Un autre point aveugle est l'absence de reconnaissance de l'intentionnalité de l'agresseur. Sa volonté de nuire, de détruire, de faire souffrir le plus possible, d'opprimer, de réduire sa victime à une chose, de la déshumaniser pour son intérêt et son plaisir, et même, comble de la cruauté, d'en jouir, est escamotée. Seules ses rationalisations et la mise en scène mensongère montée pour s'absoudre de toute culpabilité sont relayées et prises pour argent comptant (Sironi, 1999). Penser que la violence est une atteinte aux droits de celui qui la subit, une atteinte à son intégrité physique et psychique, qu'en aucun cas elle n'est légitime (sauf dans le cadre étroit et bien défini de la légitime défense, et si aucun autre recours n'est possible) et que l'agresseur est coupable d'y avoir recours et qu'il a tout intérêt à essayer de se défausser, n'est malheureusement pas le réflexe immédiat de la plupart des gens, ni même des professionnels censés prendre en charge les victimes et faire respecter la loi.
Le point aveugle principal de ce système est l'absence de recours à la loi.

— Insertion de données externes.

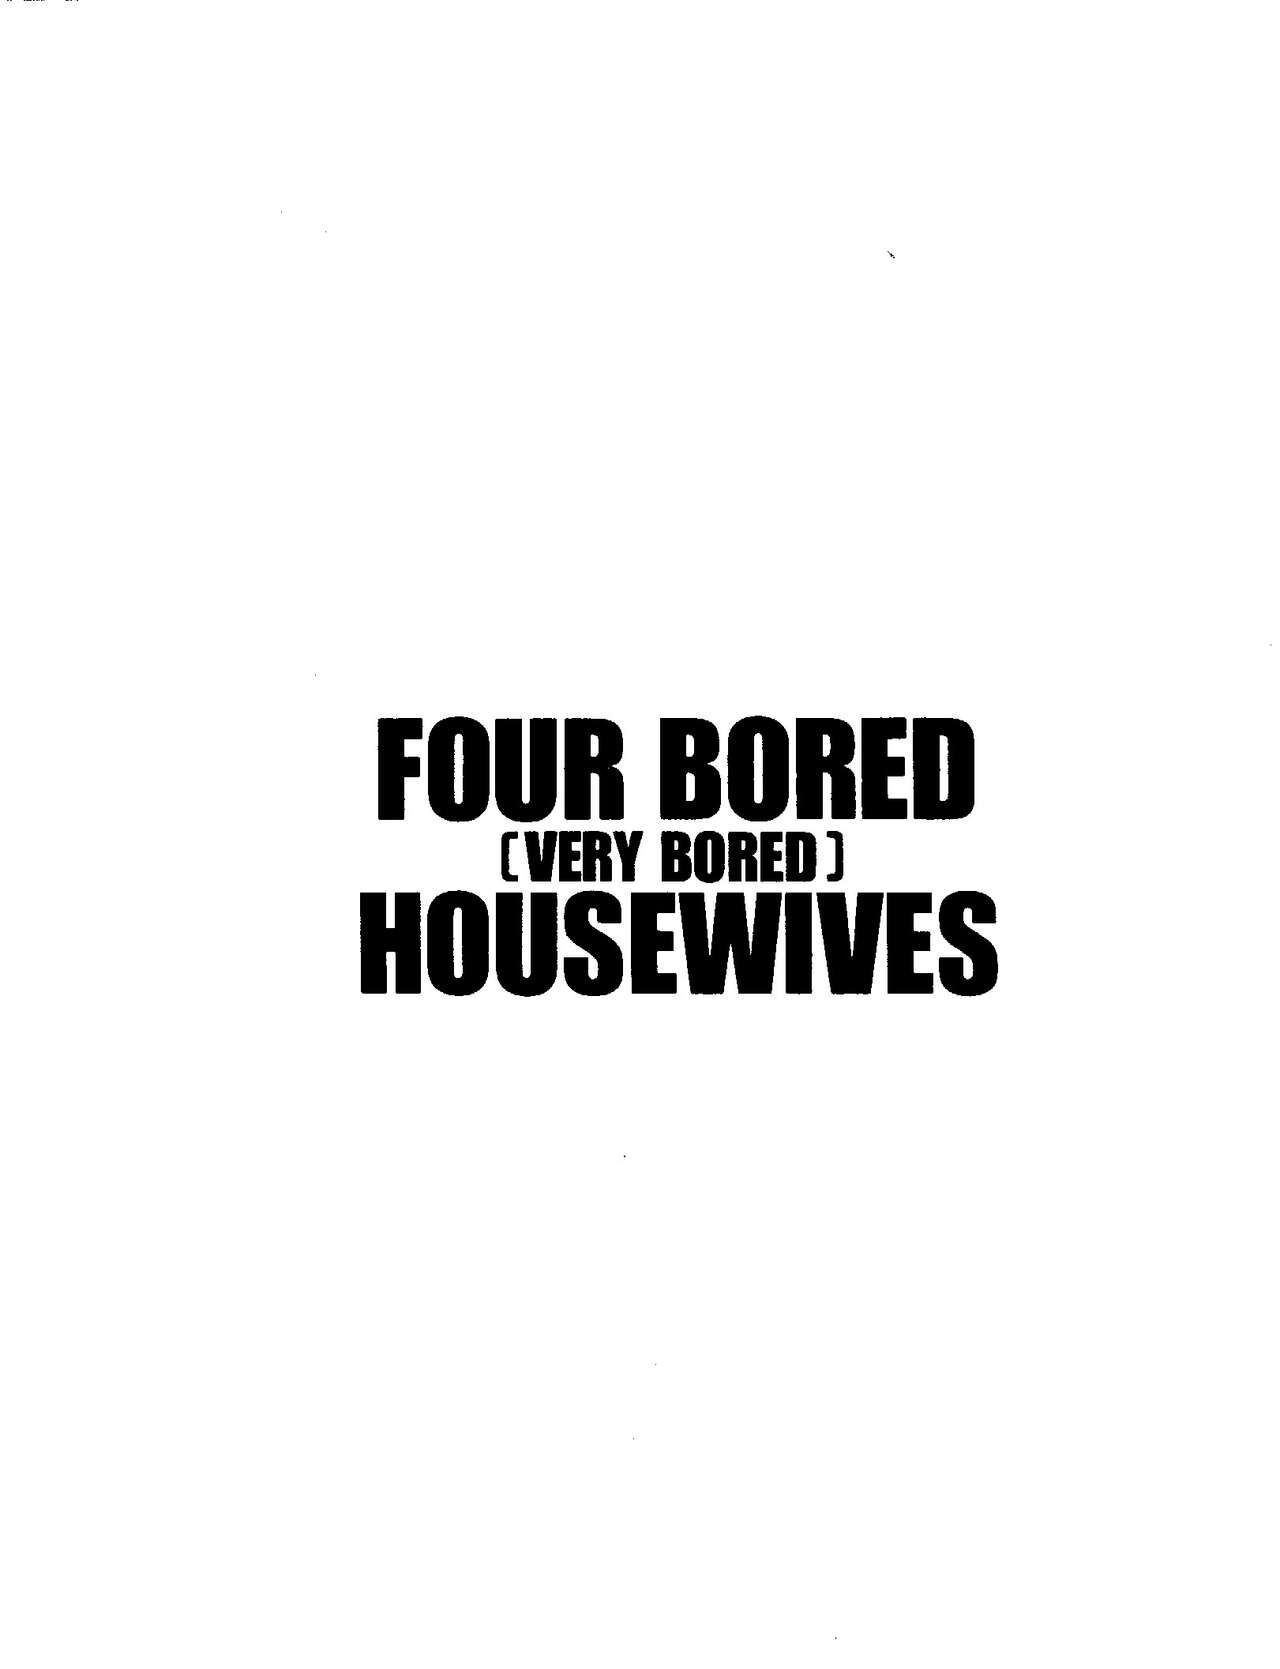 Four Bored Very Bored HouseWives (Art Hurric / Von Thrubble) 1

Il fait l'impasse sur le fait qu'en tout état de cause l'agresseur n'a pas le droit de commettre ces violences et que, comme tout citoyen, il n'est pas censé ignorer la loi ! Alors que la victime n'a transgressé aucune loi. Une femme a tout à fait le droit de se promener seule la nuit, de porter une jupe fendue ou une robe décolletée, d'être très maquillée, de boire de l'alcool, de prendre un café chez un ami, en aucun cas cela ne signifie qu'elle est disponible sexuellement, et la violer est un crime.
Concernant les violences conjugales, 10 % des femmes en ont subi dans l’année écoulée ; pour les viols, les chiffres sont aussi effrayants : 75 000 femmes sont violées par an, et plus de 150 000 si l’on rajoute les mineures ! Une femme meurt tous les deux jours et demi sous les coups de son conjoint en France.